PROSECUTOR INTERRUPTED BE-
CAUSE HE OBJECTED.

Fanatic Causes Attorneys Trouble by
Persistent Outbreaks -- State
rests -- Defense's Plea In-
sanity and Self-Defense.

"Self-defense and insanity will be the defense," said A. E. Martin of Martin & Bailey, counsel for James Sharp or Adam God, when court adjourned yesterday. The state finished its case in the afternoon and this morning will be begun the taking of testimony on behalf of the defendant. It is likely that the case will be given to the jury by Wednesday night, if not earlier. Sharp is being tried before Judge Ralph S. Latshaw in the criminal court for the killing of Michael Mullane, a patrolman.

Sharp was much in evidence yesterday. There were times when he boldly took charge of his own case, ignoring his attorneys and accusing them of not following his instructions.

Once, during the afternoon session, when the court refused to admit evidence of the shooting at the river front, Sharp spoke quickly to Virgil Conkling, the prosecutor, who had made the objection:

"MY NECK BEING TRIED."

"This evidence has to do with the dirty work on the other side. They show up all the dirty work on me, and don't show up anything on the other side. Let's have a little justice in the house of God. This is my neck being tried, not yours, Mr. Conkling."

"In that case," said the prosecutor quietly, "I will withdraw my objection.

The answer of the witness, however, showed he did not have the information desired by the defense.

Earlier in the day Sharp had remarked that "things were not going as they should." In the morning he took his attorneys to task for objecting to the testimony of a witness. Sharp insisted that the man was telling the truth.

Throughout its presentation of the case the state has persistently combated the plea of insanity. It has attempted to show that Sharp at all times was possessed of a keen mind; that he dropped all claims of being God, or Adam, or David, or any other Biblical character, and that his mind was reflecting on the consequence of the riot in which five persons lost their lives.

The appearance of Sharp at this time and the acute manner in which he follows the words of every witness would seem to place him out of the insanity class, at least so far as the present is concerned. As to whether he knew right from wrong at the time of the shooting is another matter and one to be determined by the evidence of the defense.
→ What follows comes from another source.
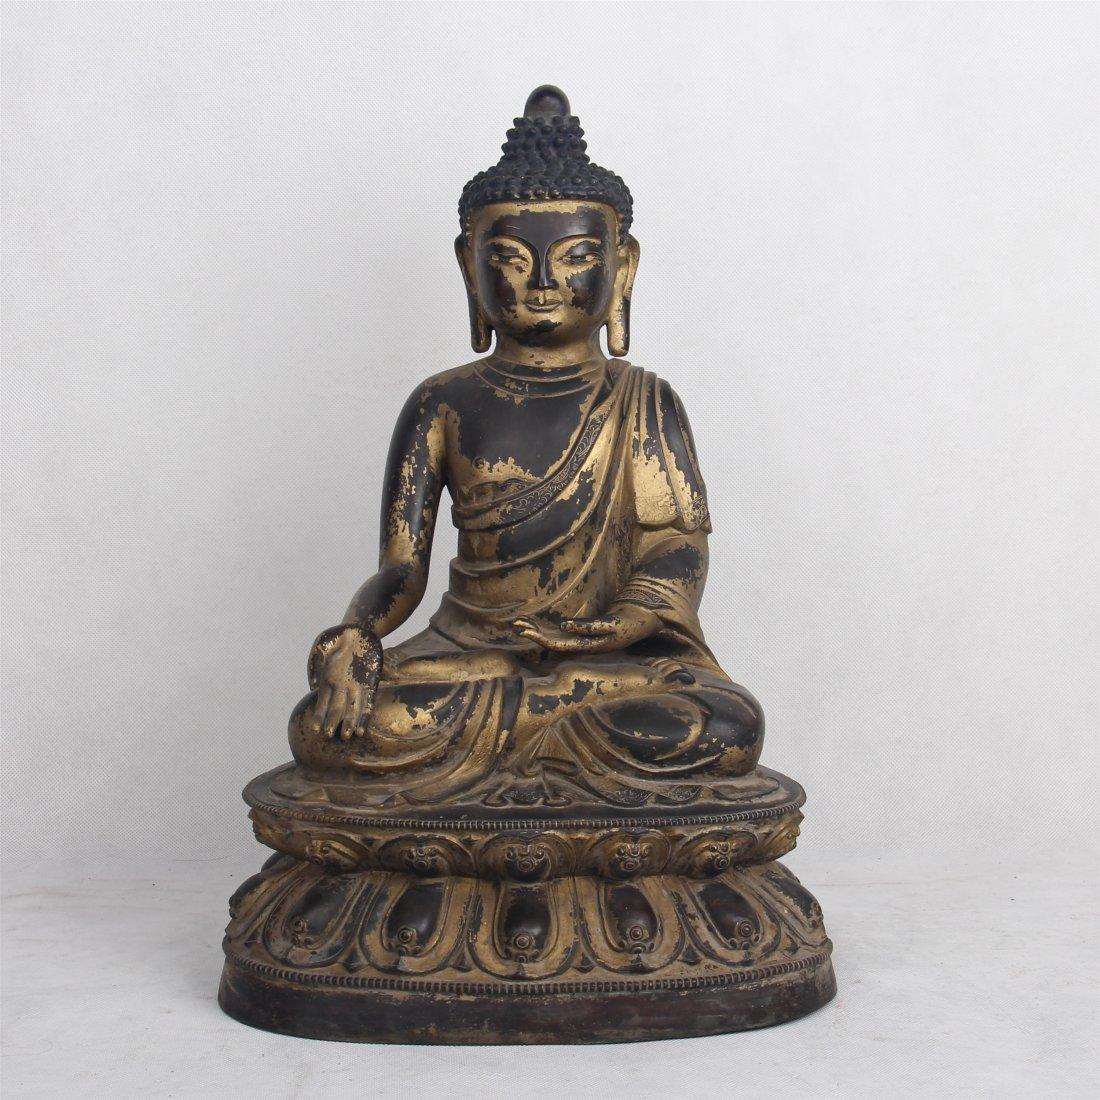 CHINESE GILT BRONZE SEATED BUDDHA

Sharp himself expects to take the stand and when he does an exposition of his religious teachings may be expected. From remarks he has made in the courtroom and from the manner in which he has interrupted witnesses it may be surmised he intends to tell that the police provoked the riot and that he shot to protect himself. Sharp has longed for days to tell his side, in fact, from the first moment of the trial.

SHARP IS TO TESTIFY.

Today will open with the statement of A. E. Martin, his chief counsel. Then there will be witnesses and depositions from persons who knew Sharp and his band. Besides these will be Sharp himself. The state may submit some evidence in rebuttal before the case is argued and given to the jury.

It was while Goerge W. Robinson, owner of the barber shop at 952 Mullberry street, was on the stand that Sharp jumped up and said, addressing Judge Latshaw:

"Your honor, they are swearing my neck away. My lawyers let these witnesses say what they will. They don't object enough."
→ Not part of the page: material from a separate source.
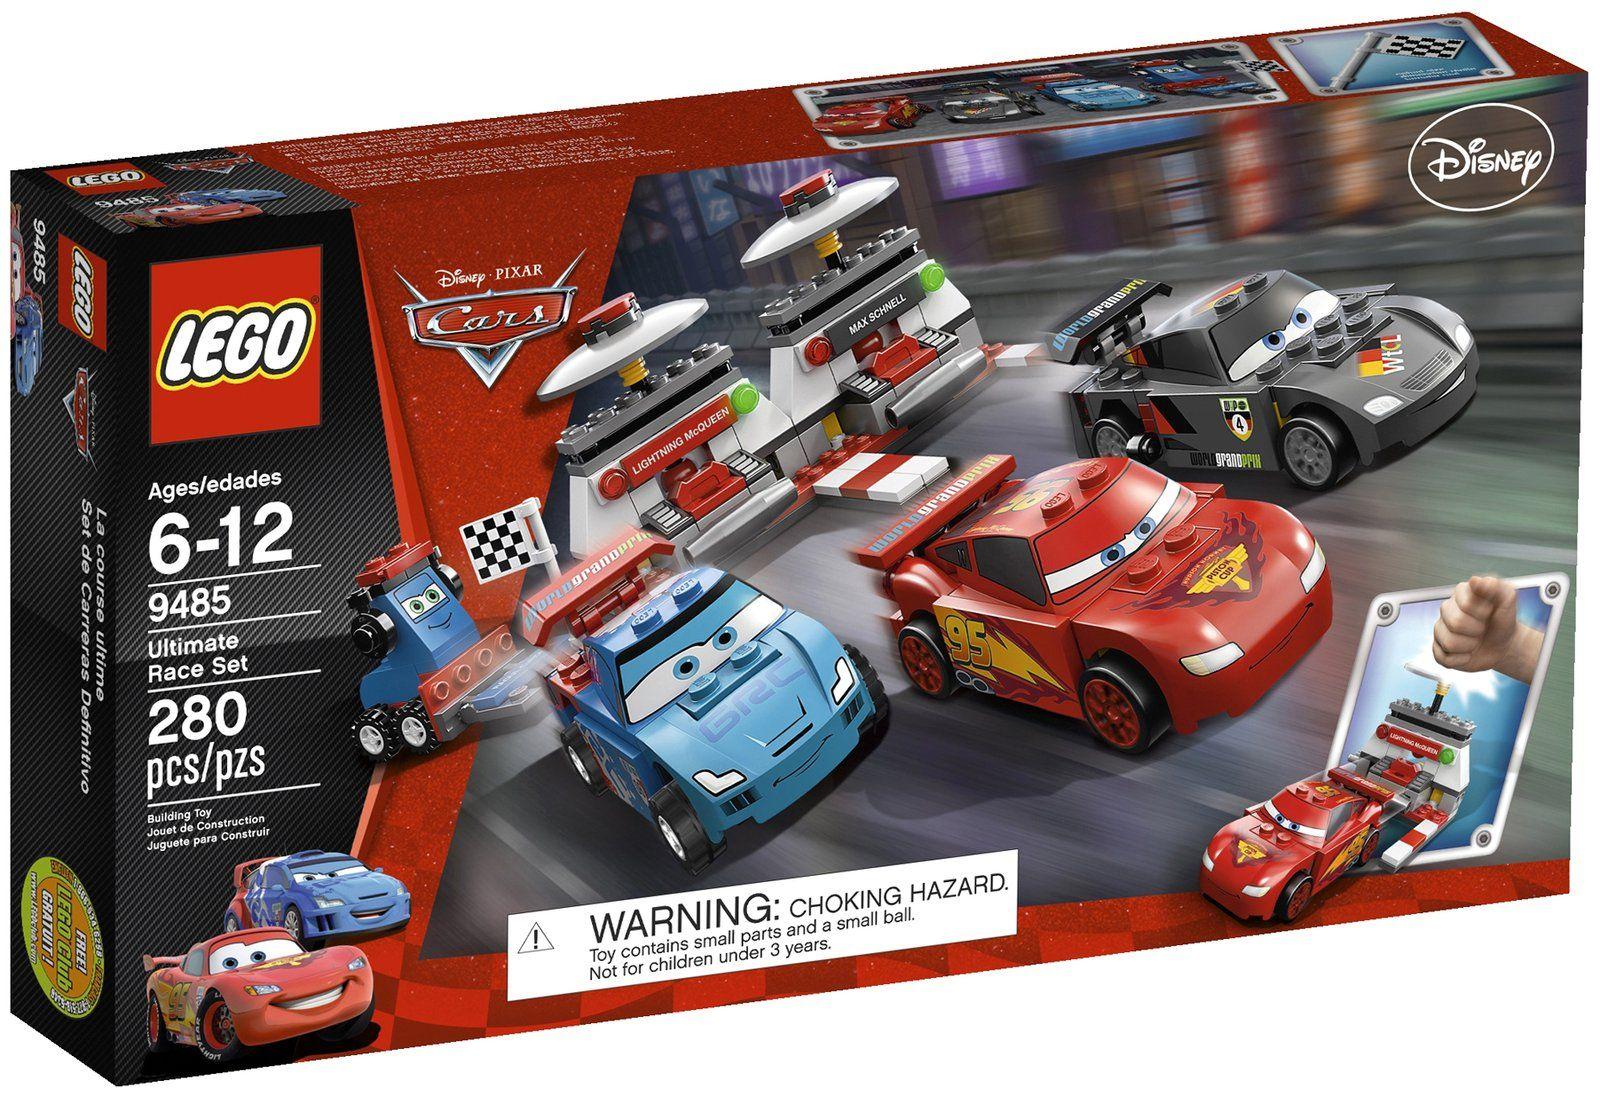 LEGO Cars Ultimate Race Set 9485 Raoul Çaroule, the world

Then Sharp advanced to near the witness stand. A. E. Martin, one of his attorneys, objected to Sharp's interference, but the latter said sharply:

"Don't cross-examine him . He's telling the truth."
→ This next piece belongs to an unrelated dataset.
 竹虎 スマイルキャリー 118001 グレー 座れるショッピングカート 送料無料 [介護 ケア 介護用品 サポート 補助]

Eugene P. Barrett, a farmer near Olathe, who participated in the capture of sharp, was put on the stand after quiet had been restored. Barrett was watering his team by the roadside the morning Sharp came along. They exchanged greetings, said Barrett, and when there was noise of a horse coming down the road Sharp crawled through a fence.

"We object," said Mr. Martin. "There's no evidence here there was a horse."

"Yes, there was," said Sharp, getting up. "He's telling the truth. I heard a horse and went into a field until the horse was past."

Sharp was told to sit down and Barrett resumed his story. Said he:

"I next saw Sharp about 3:30 o'clock this afternoon, December 10. Mr. Bair and myself were in a searching party made up after word had been received from Kansas City about the riot. We made inquiry and found overshoe tracks leading to a straw stack about fifty yards from the road. This was about a mile from where I had seen Sharp go through the fence that morning. He was in a small stack of oat straw, in a hole the cattle had eaten, and there was straw in front of him. It was impossible for me to see him until I got within fifteen feet.

CLAIMED HE WAS PARALYZED.

"Sharp got up and said: 'I've been taking a snooze.' 'That's a good place to snooze," I answered.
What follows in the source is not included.